> _Task to complete_:
Although the entries contain pictures, only their words should be duplicated exactly.

--- The data Enclosed Below ---

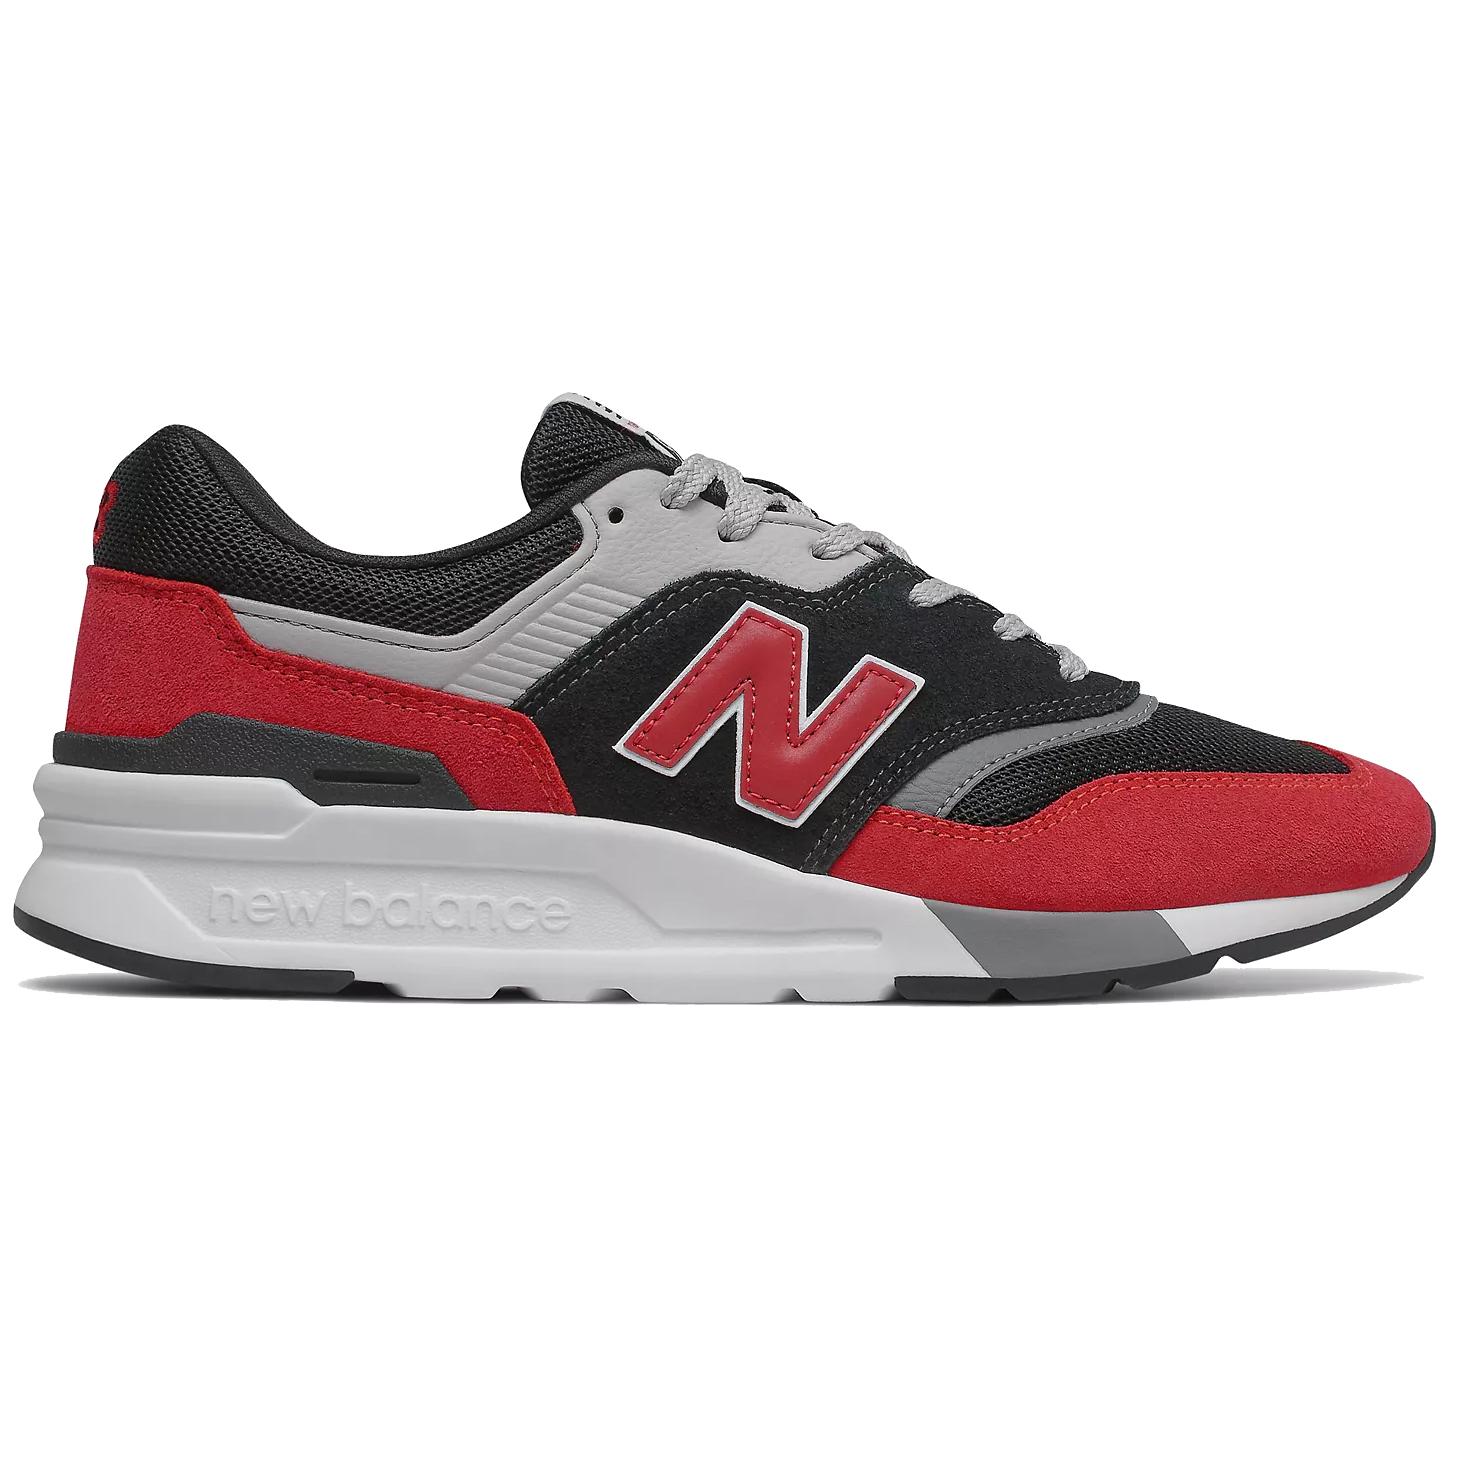 New Balance CM997HVP Sneaker schwarz rot grau
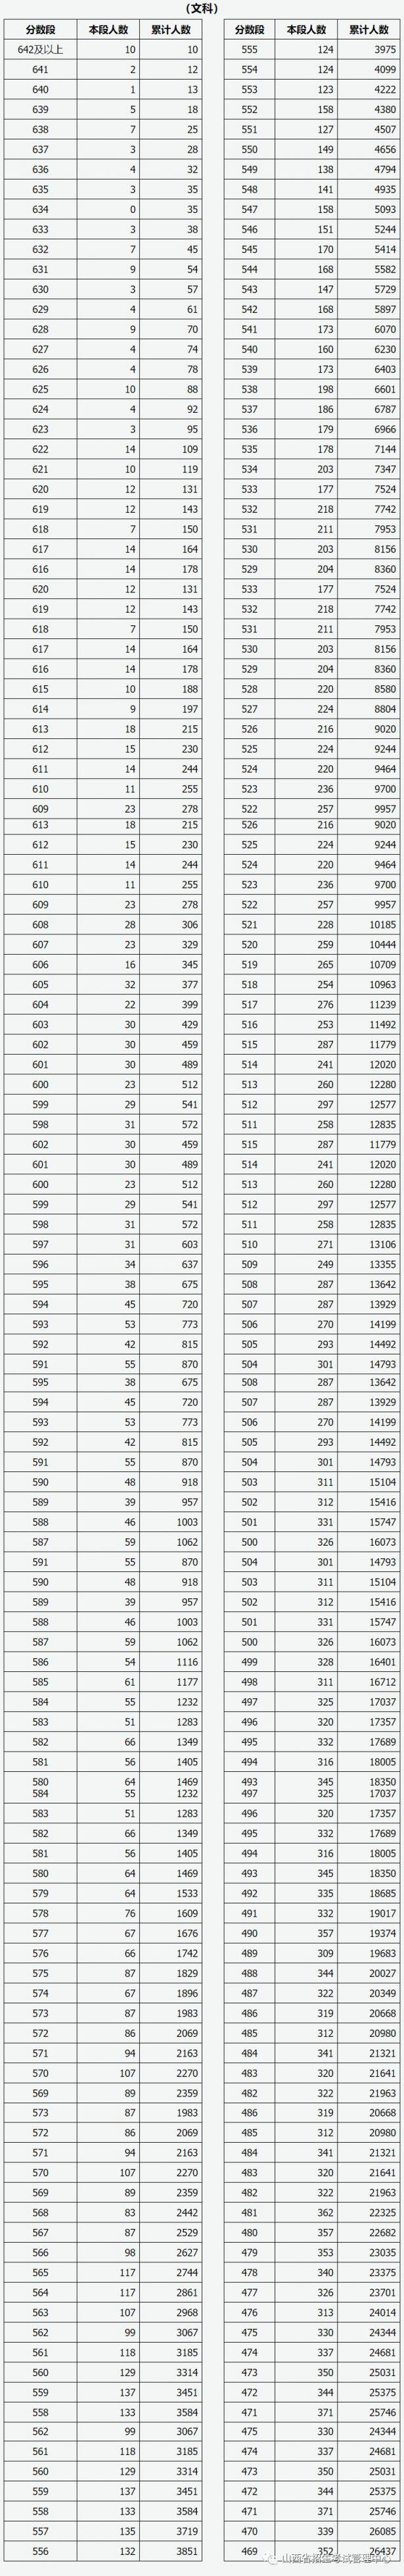 2020山西省高考成绩一分一段表
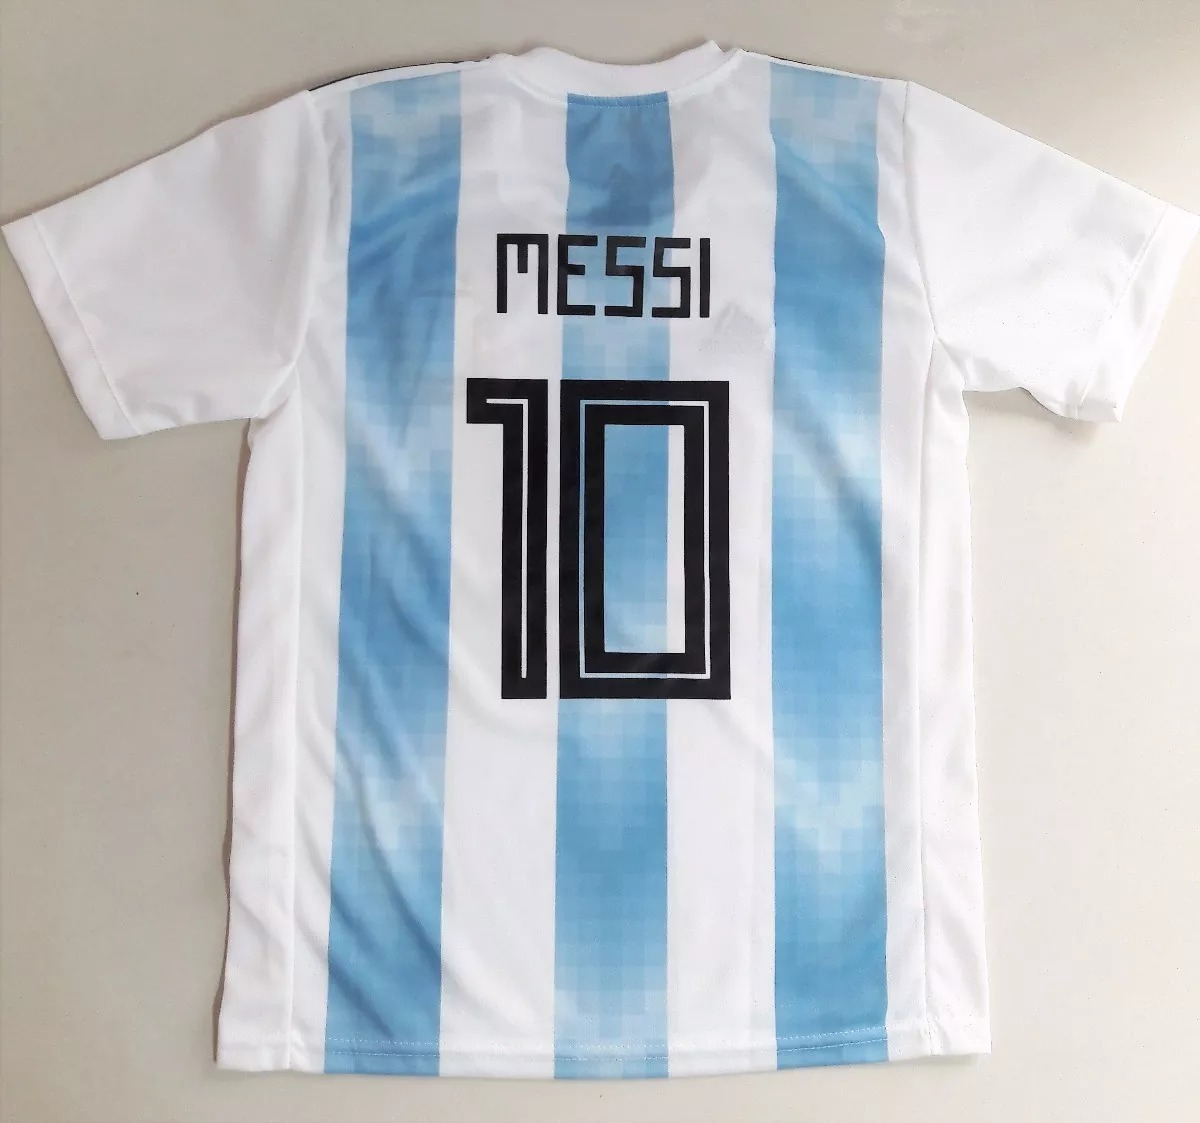 42b986836d camiseta argentina 10 messi mundial rusia 2018 ho. Cargando zoom.
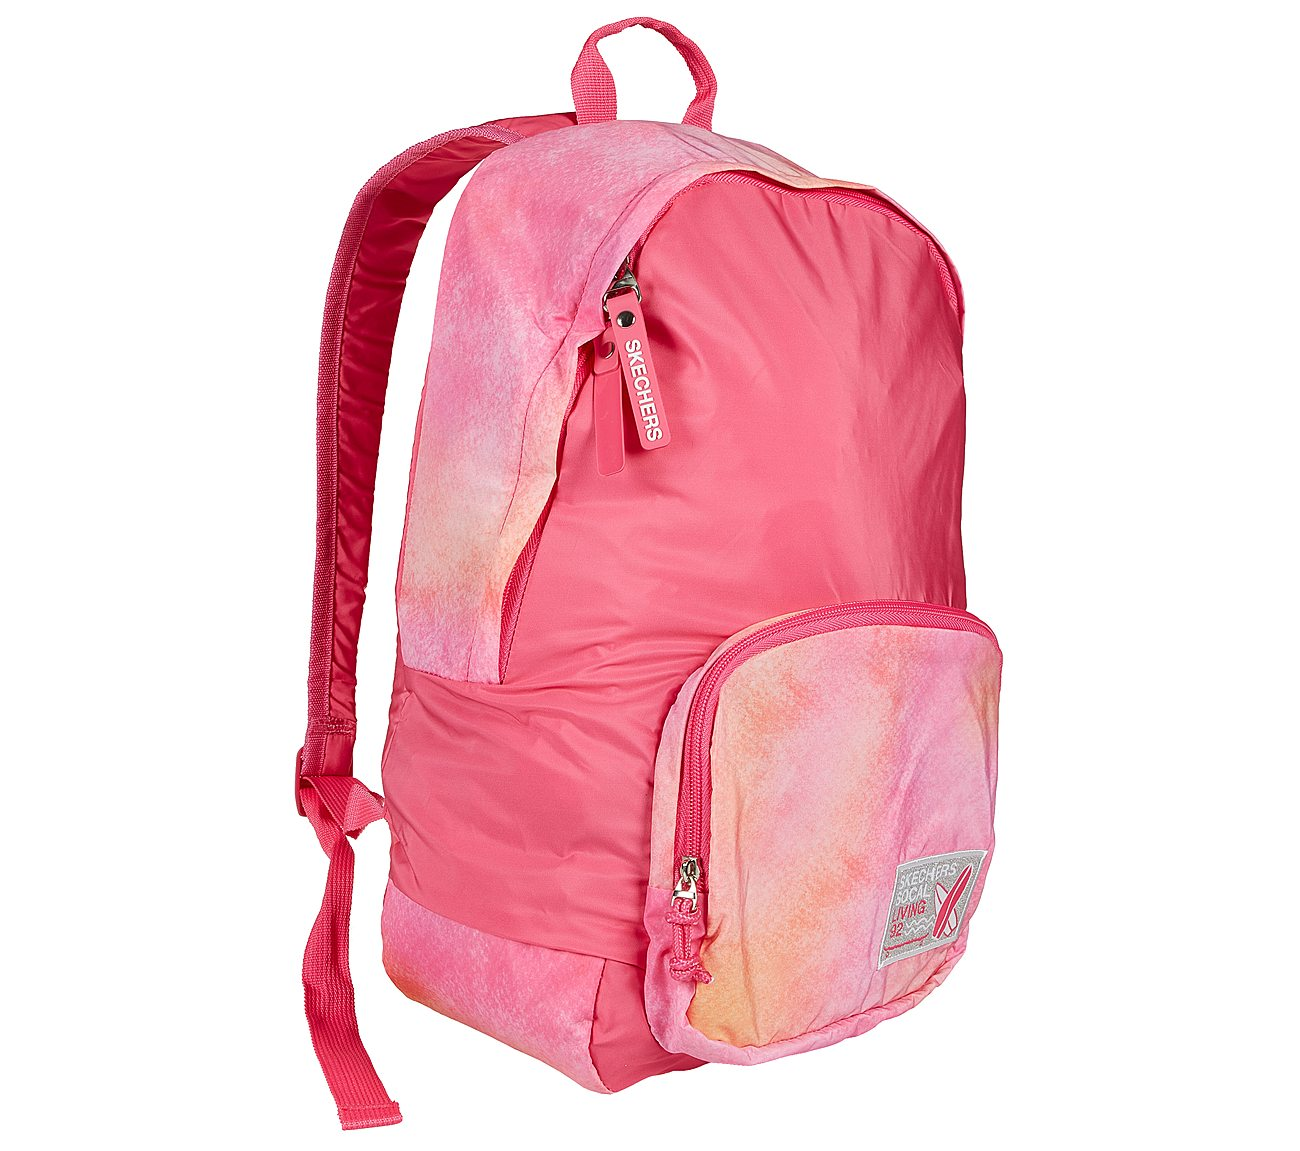 skechers backpack
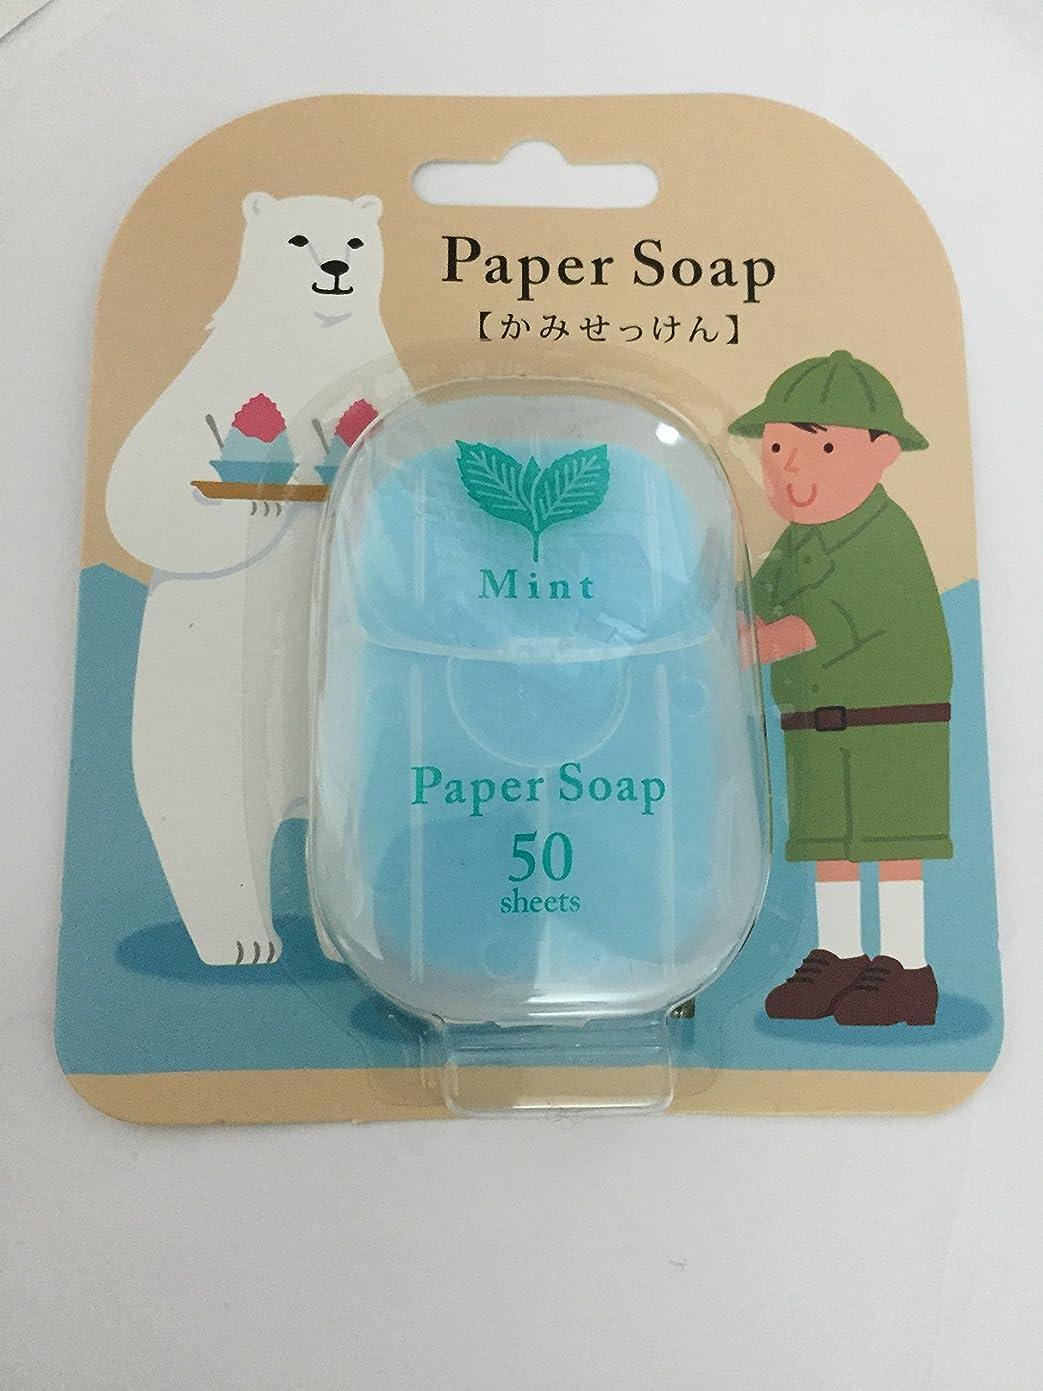 悲観主義者章油ペーパーソープ(かみせっけん) ミントの香り 新商品

--- End of Enclosed The data ---

> _Expected answer_:
 New Balance CM997HVP Sneaker schwarz rot grau
 2020山西省高考成绩一分一段表
 42b986836d camiseta argentina 10 messi mundial rusia 2018 ho. Cargando zoom.
 skechers backpack
 悲観主義者章油ペーパーソープ(かみせっけん) ミントの香り 新商品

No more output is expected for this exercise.